--- START ---

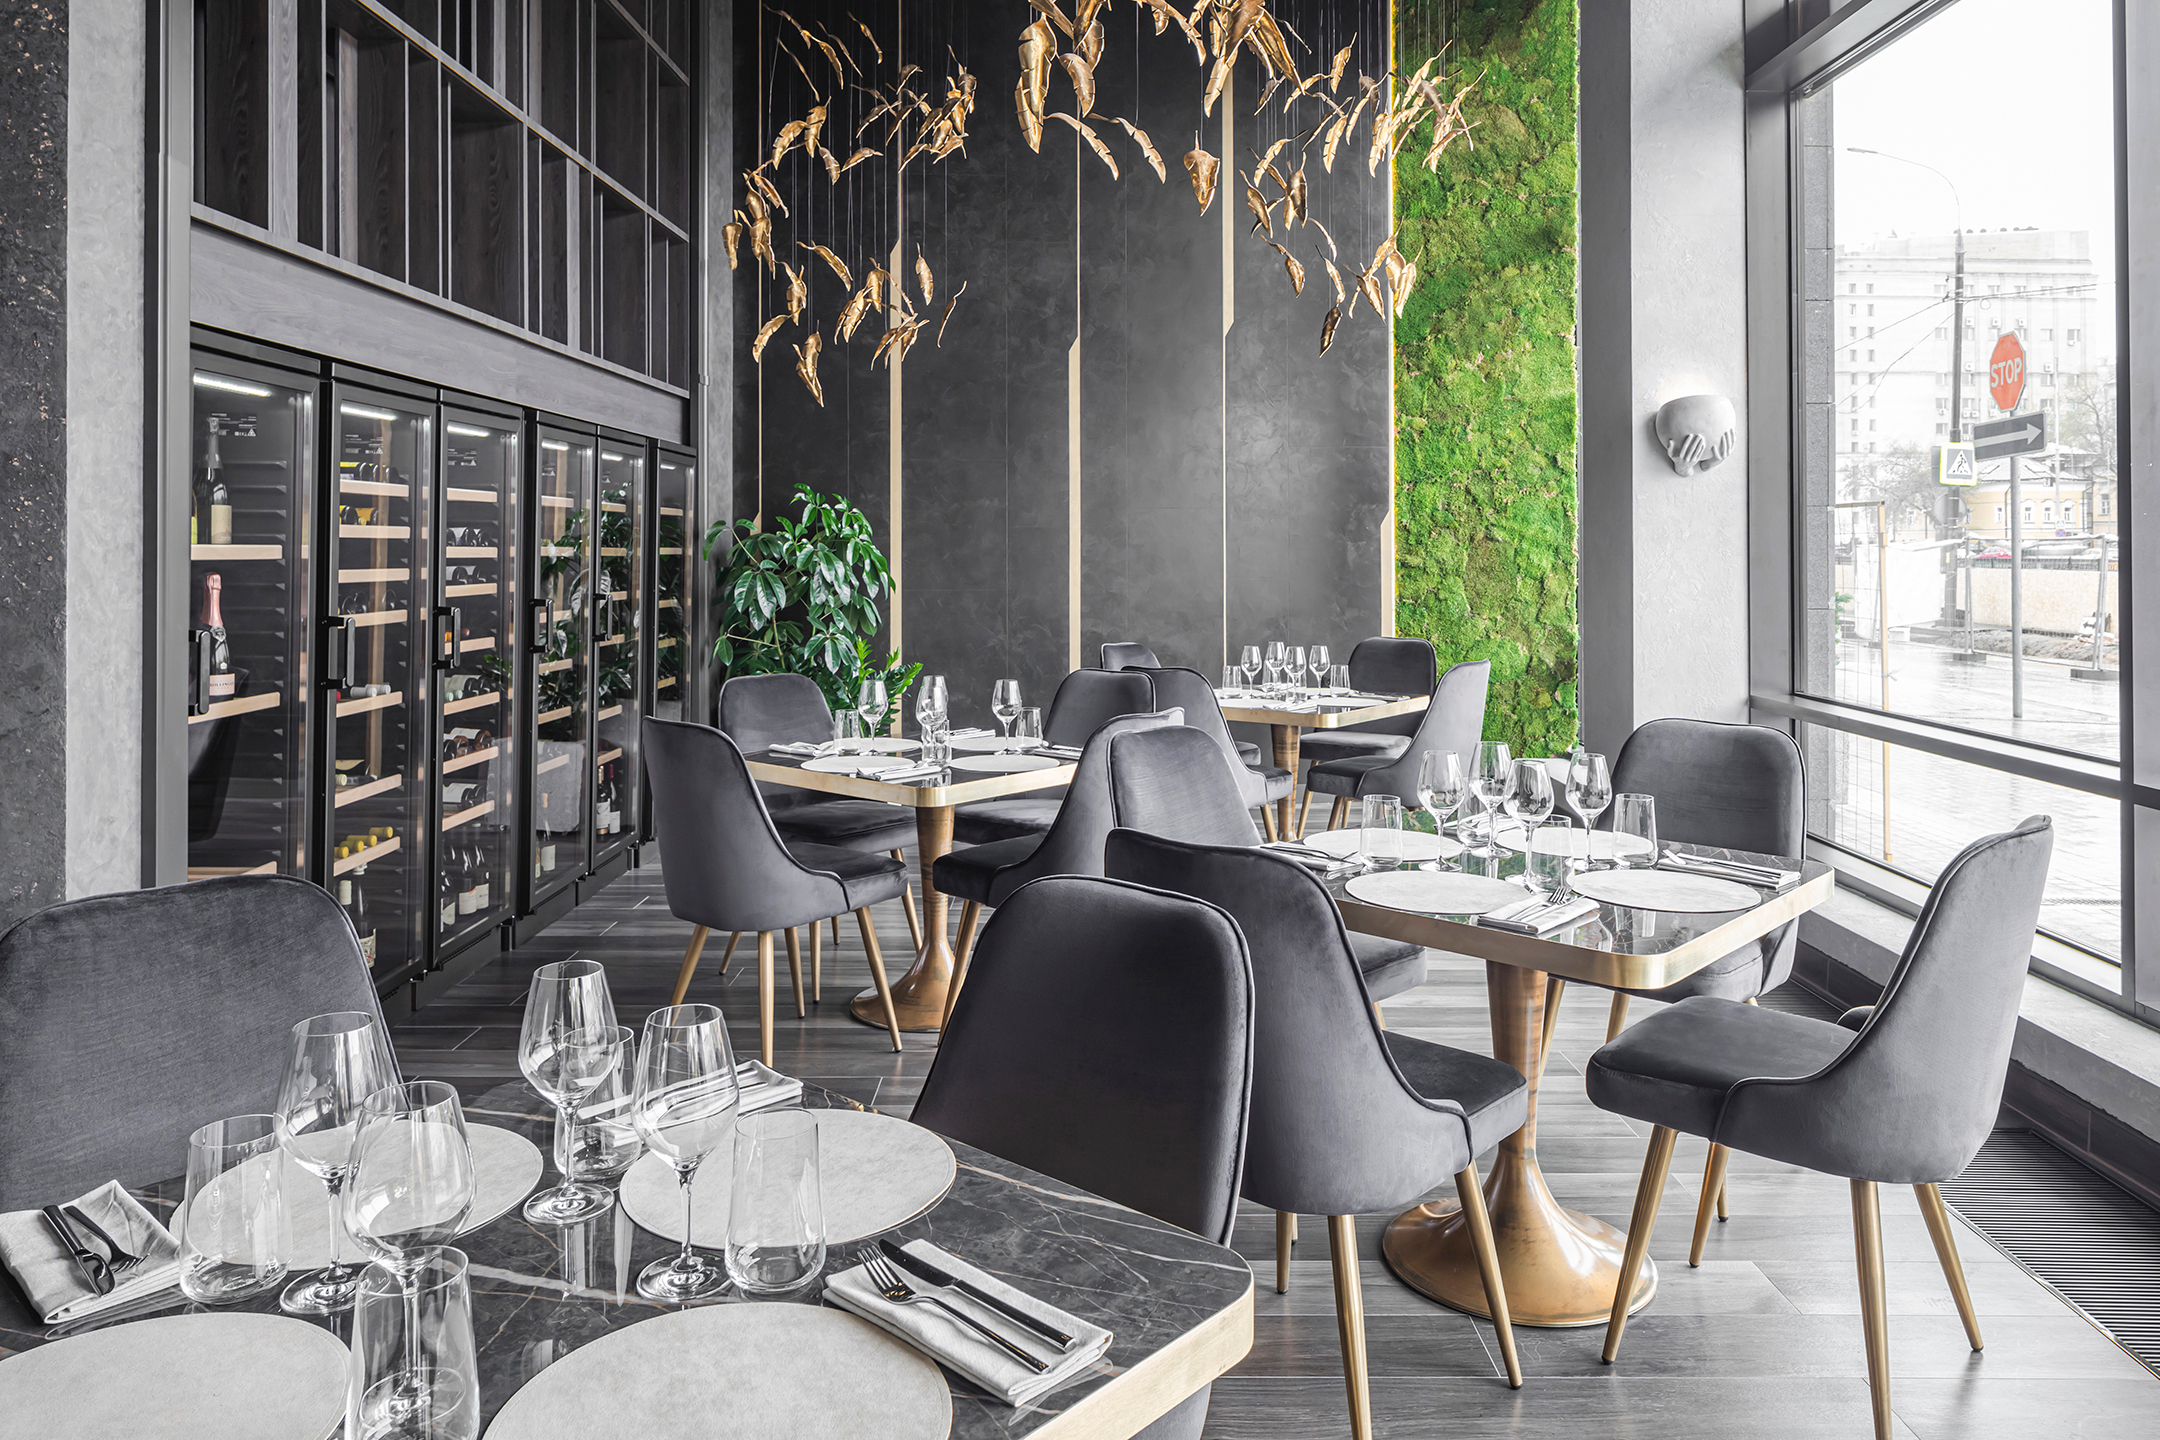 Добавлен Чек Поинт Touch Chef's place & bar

--- END ---
--- START ---

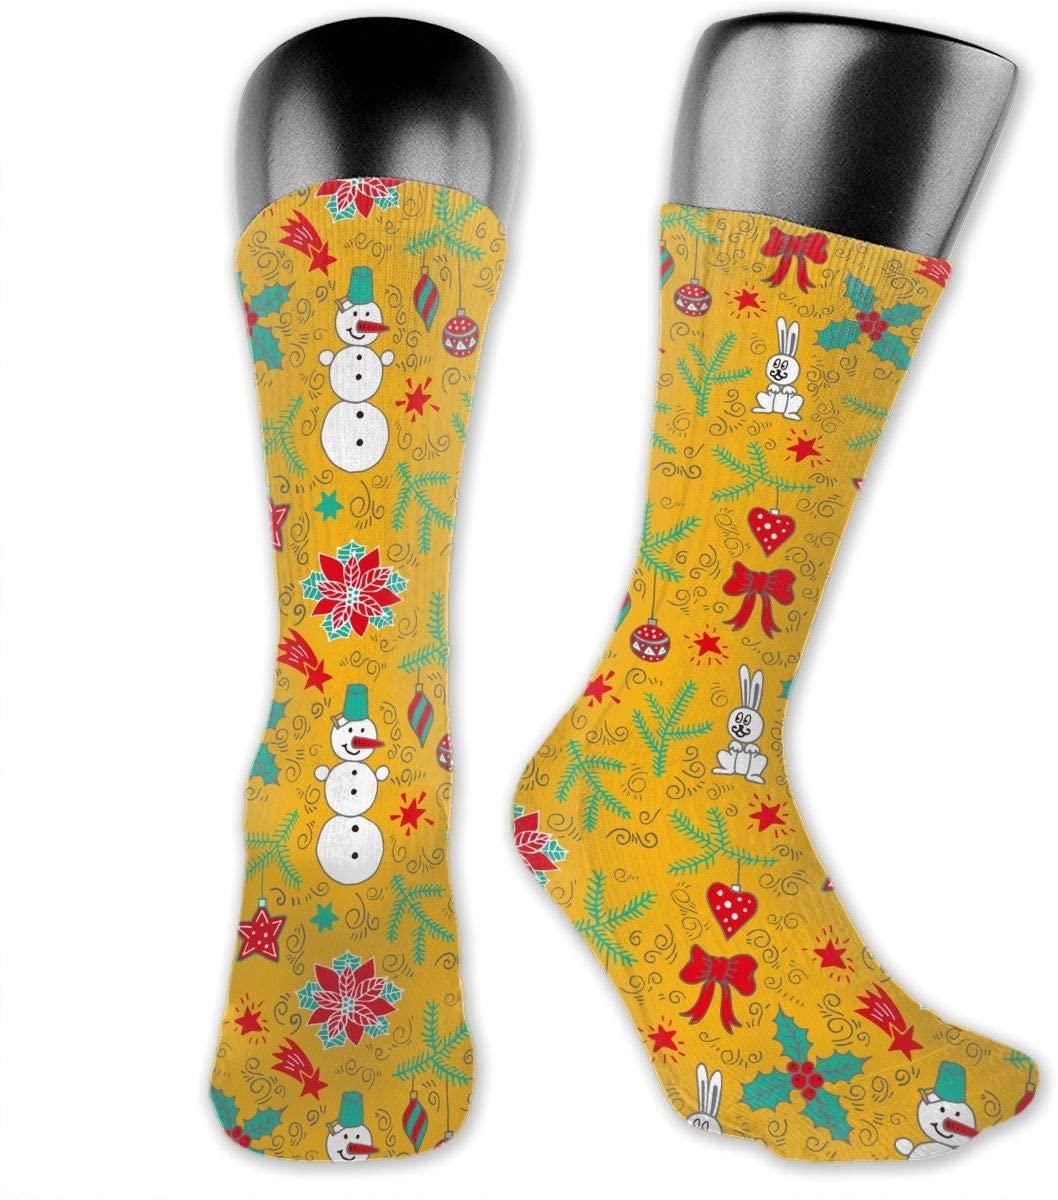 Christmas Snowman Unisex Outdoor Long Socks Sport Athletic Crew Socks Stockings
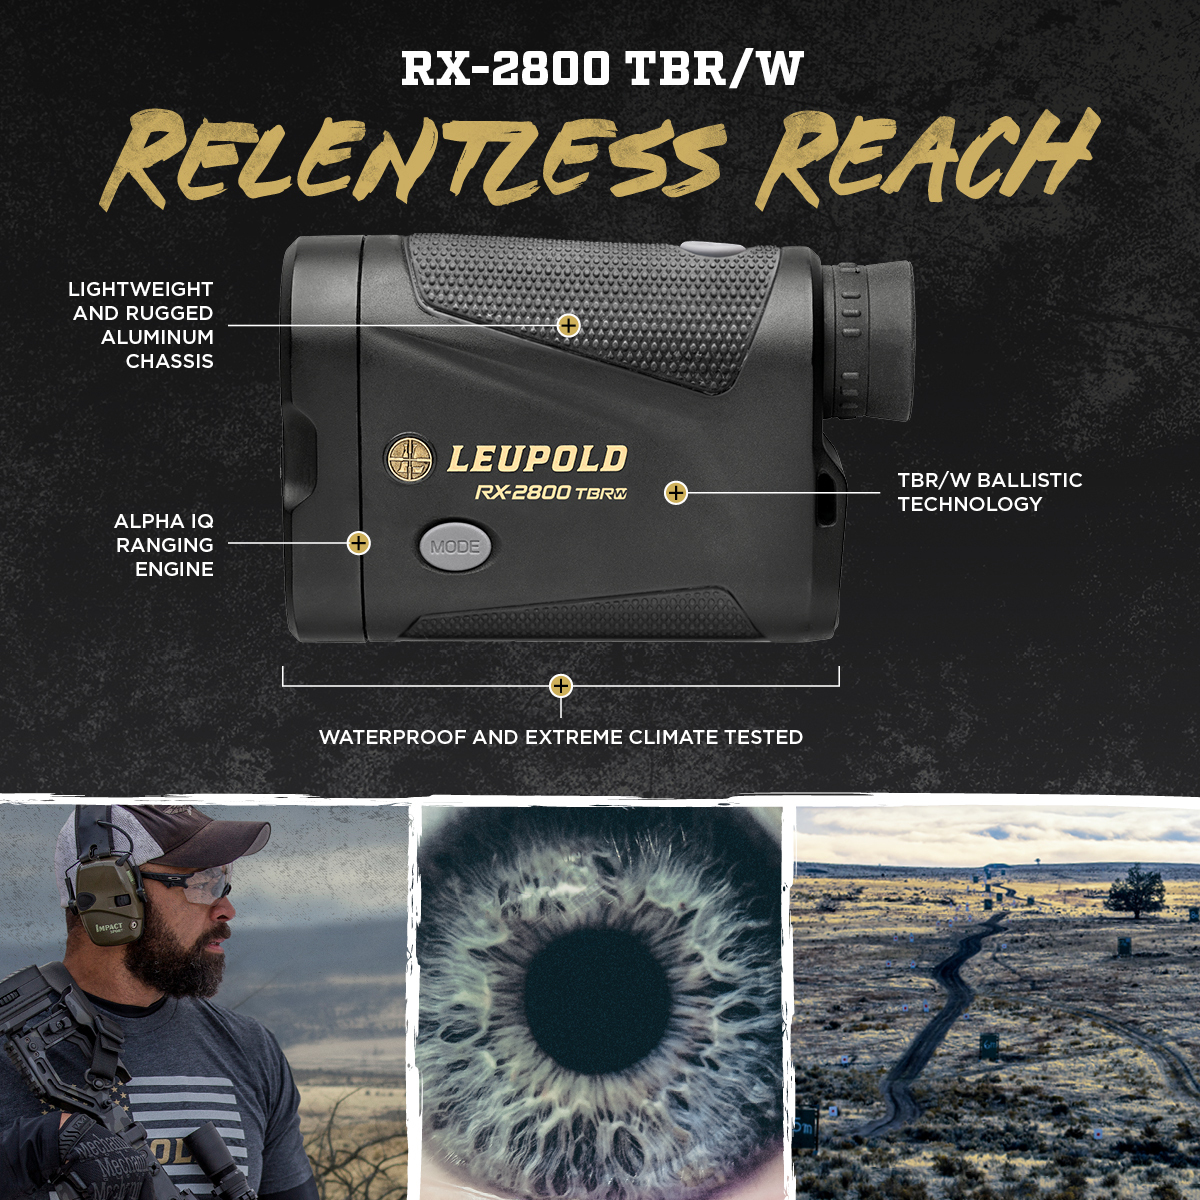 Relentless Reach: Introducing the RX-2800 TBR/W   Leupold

--- END ---

PROBLEM DESCRIPTION:
With the pictures omitted, restate word for word the lines above from the line that has "Christmas Snowman Unisex" up to and including the line that has "Relentless Reach: Introducing", and no other lines.

SOLUTION FOR THIS PROBLEM:
 Christmas Snowman Unisex Outdoor Long Socks Sport Athletic Crew Socks Stockings
 Relentless Reach: Introducing the RX-2800 TBR/W   Leupold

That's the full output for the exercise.